Python -> C++ file loader


#1

Hello All,
I wrote a program for data visualization in Python, for which data are stored in *.h5 format, and right now it’s working with h5py python package. When I’m running my code however, loading data is the most time consuming part, so I was thinking about moving this part to c++ (with which I have basic experience).

My first question would be: is it actually worth the effort? Or h5py package is already well optimized and I won’t gain much?

Second issue: I already made an attempt, but hit the wall at very beginning.

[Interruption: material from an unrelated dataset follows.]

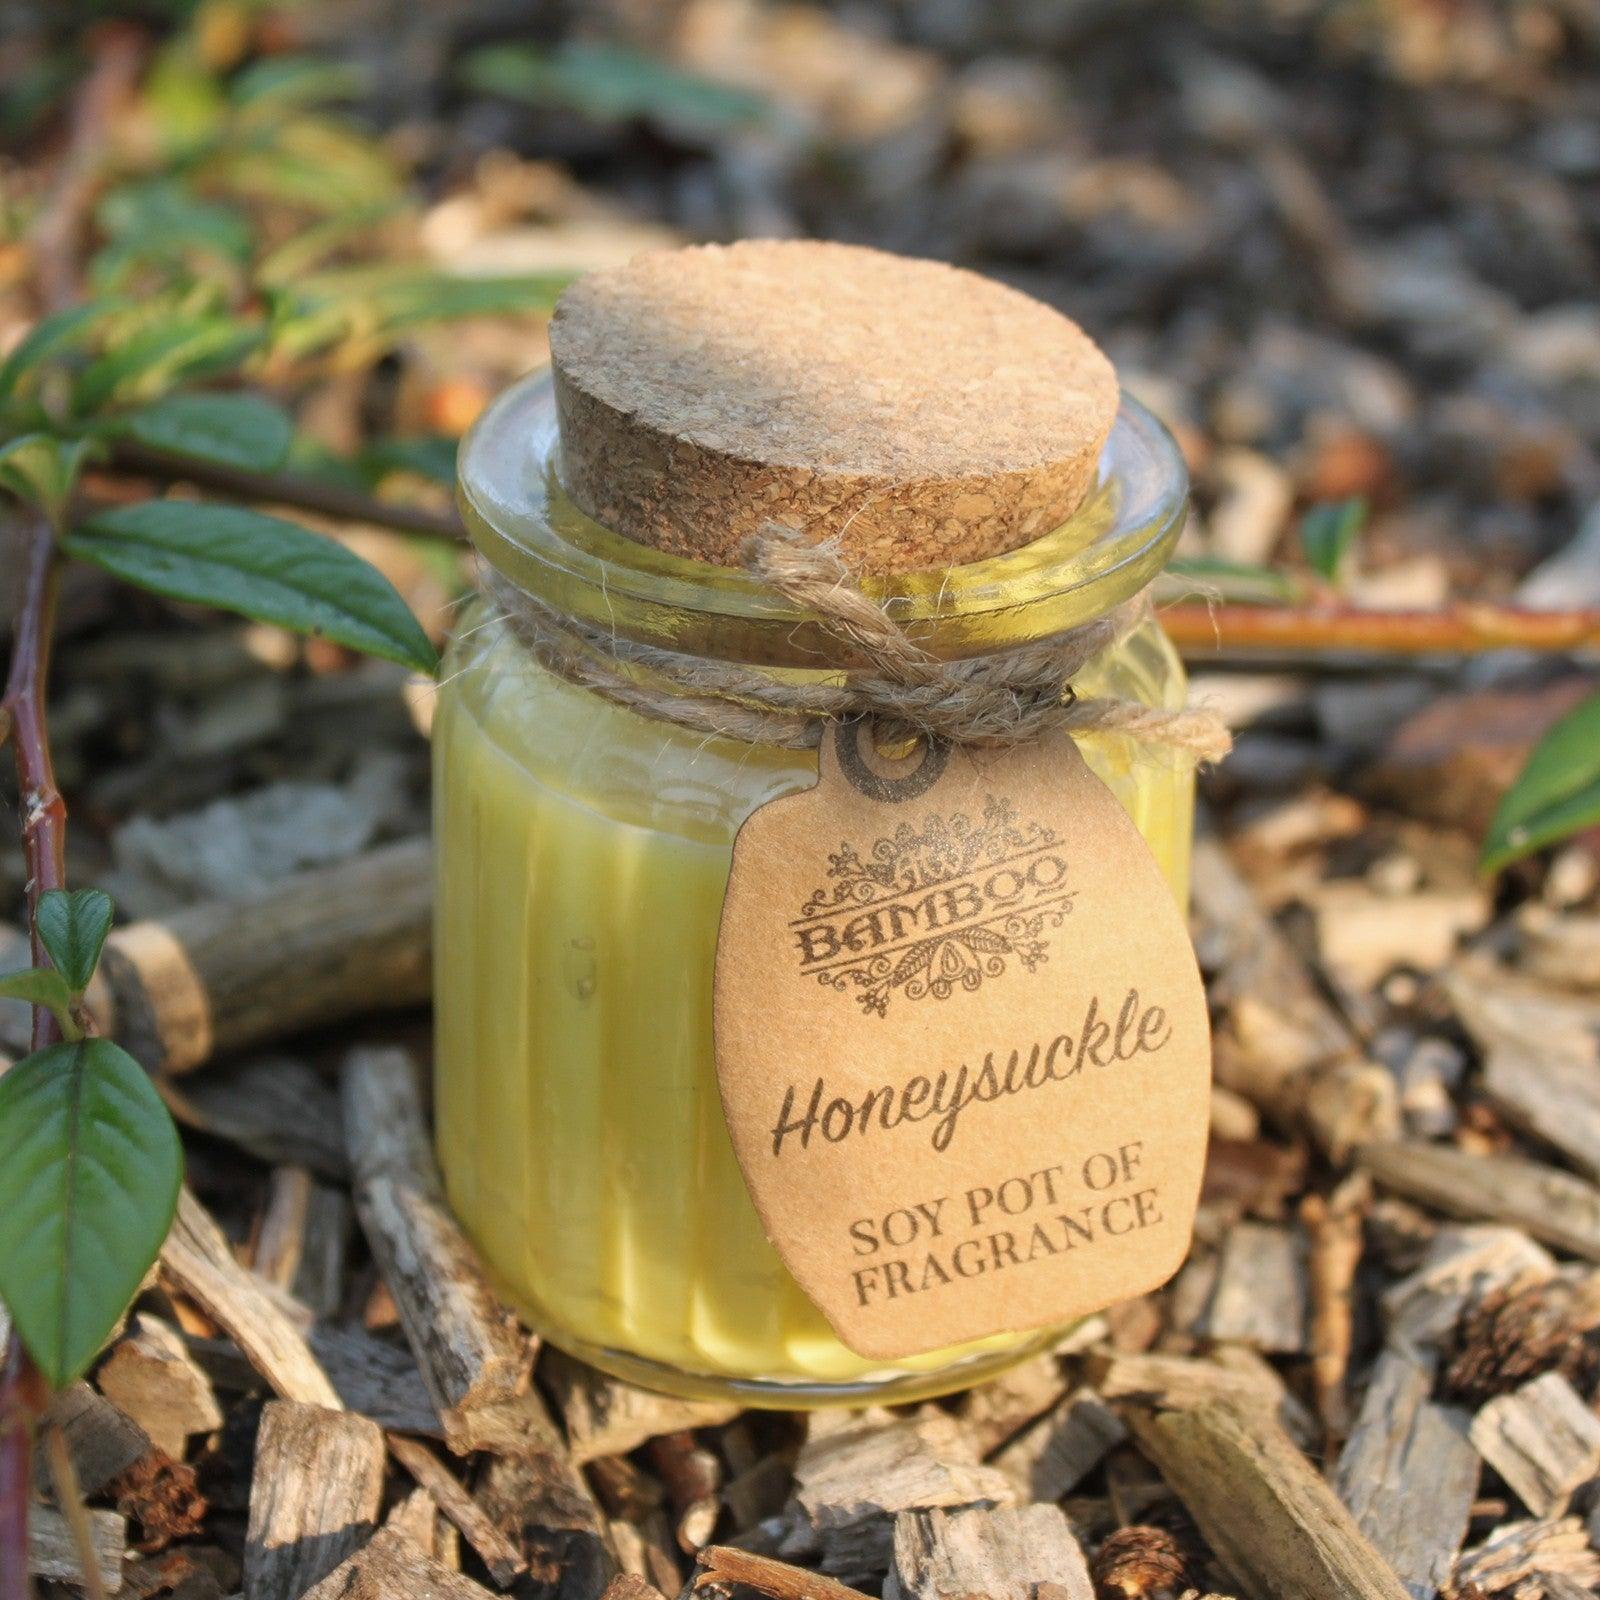 Honeysuckle Soy Pot of Fragrance Candles - DuvetDay.co.uk

I was trying to write a code that just opens a file based on an example here, but I have a problem with includes and libraries.
I installed the HDF5 package using MacPorts (hdf5 version 1.12.0) and when I’m compiling I’m using:

clang++ -g -I<path_to_inlcude> -c main.cpp -o <project_path>/main.o (for building)

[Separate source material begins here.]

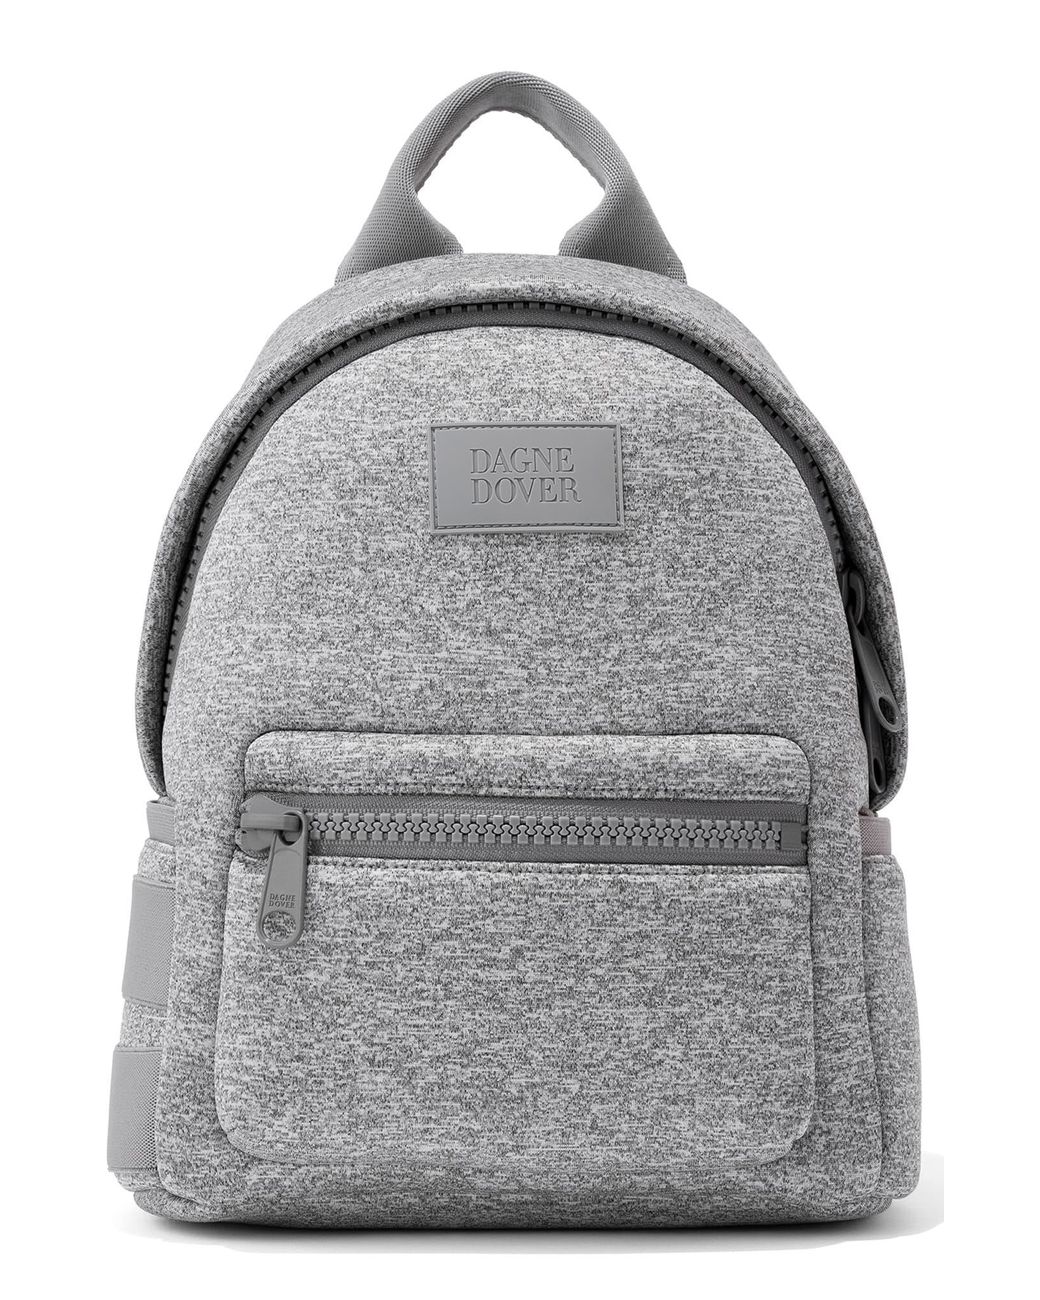 Dagne Dover Small Dakota Neoprene Backpack in Gray - Save 31% - Lyst
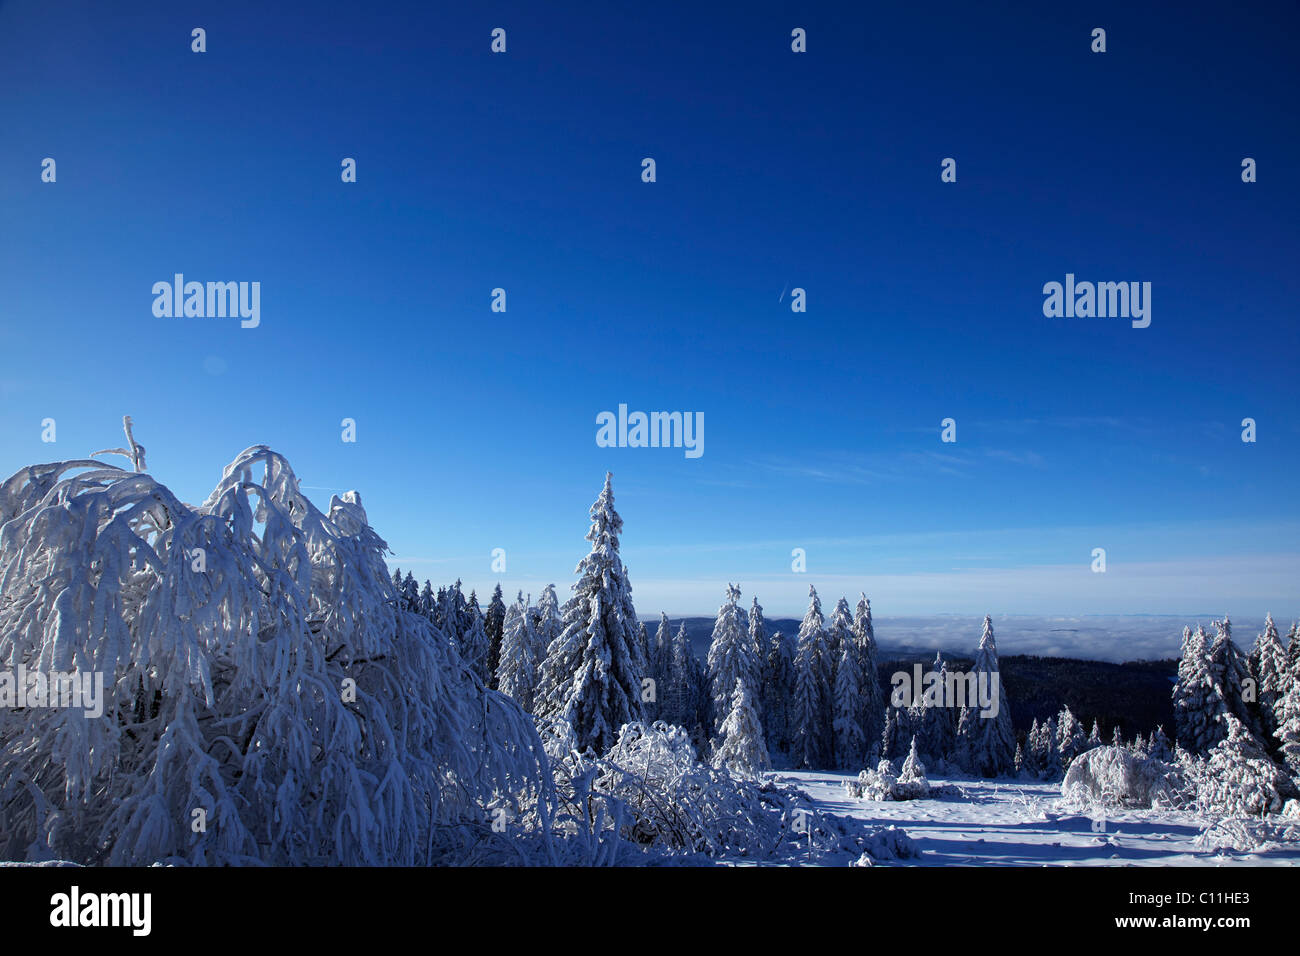 Sapins couverts de neige au milieu d'un paysage de neige, hiver, Forêt-Noire, Bade-Wurtemberg, Allemagne, Europe Banque D'Images

clang++ -L<path_to_libs> -o <project_path>/bin/dl <project_path>/main.o <path_to_libs>/libhdf5_cpp.200.dylib (for linking)

The above works when I’m not doing anything, but only I’ll try to open file using:
H5File file( FILE_NAME, H5F_ACC_RDONLY );
it returns while linking:
Undefined symbols for architecture x86_64:
"_H5check_version", referenced from:
_main in main.o
"_H5open", referenced from:
_main in main.o
ld: symbol(s) not found for architecture x86_64
clang: error: linker command failed with exit code 1 (use -v to see invocation)

Does anyone know where is the mistake, or have a better example to follow?

Thank in advance for all help!


#2

Hi @wojciech.pudelko

On the speed front:

I do not know about the HDF groups python optimisations but here is my anecdotal experience:

  • I used HDF5 C API to gather data (long high speed imaging runs, +100GB), its nice and quick.
  • I use h5py in Python to visualise the data: I am able to seemlessly scroll through the images of a +100GB file, no lag and easy on memory.

For my application the C API writing was ~3 times faster than the h5py reading… but that is incredibly annecdotal - please ignore this!

It all depends on the chunking

The chunk size should be optimsed to require loading and unloading a little as possible and use all of the HDF5 cache (1MB by default, but this can be expanded).

If your chunks are rows and your processing in columns you need to load multiple chunks to get the data making up one column and lots of time is wasted reading in whole chunks for a single value…

There is also plenty of further tinkering one can do and it should be exposed in the h5py python api but chunk design is the main thing, as far I know.

Linker errors, symbols not found

Not sure if this helps but on Windows with HDF5 1.12.0 to use dynamic libraries:

  1. Use the import libraries, labelled like: hdf5.lib in the libs folder.
  2. Include the H5_BUILT_AS_DYNAMIC_LIB compiler flag

To help confuse you also contained in the libs folder are the static libraries, labelled with lib prefixes like: libhdf5.lib.

Hope this helps.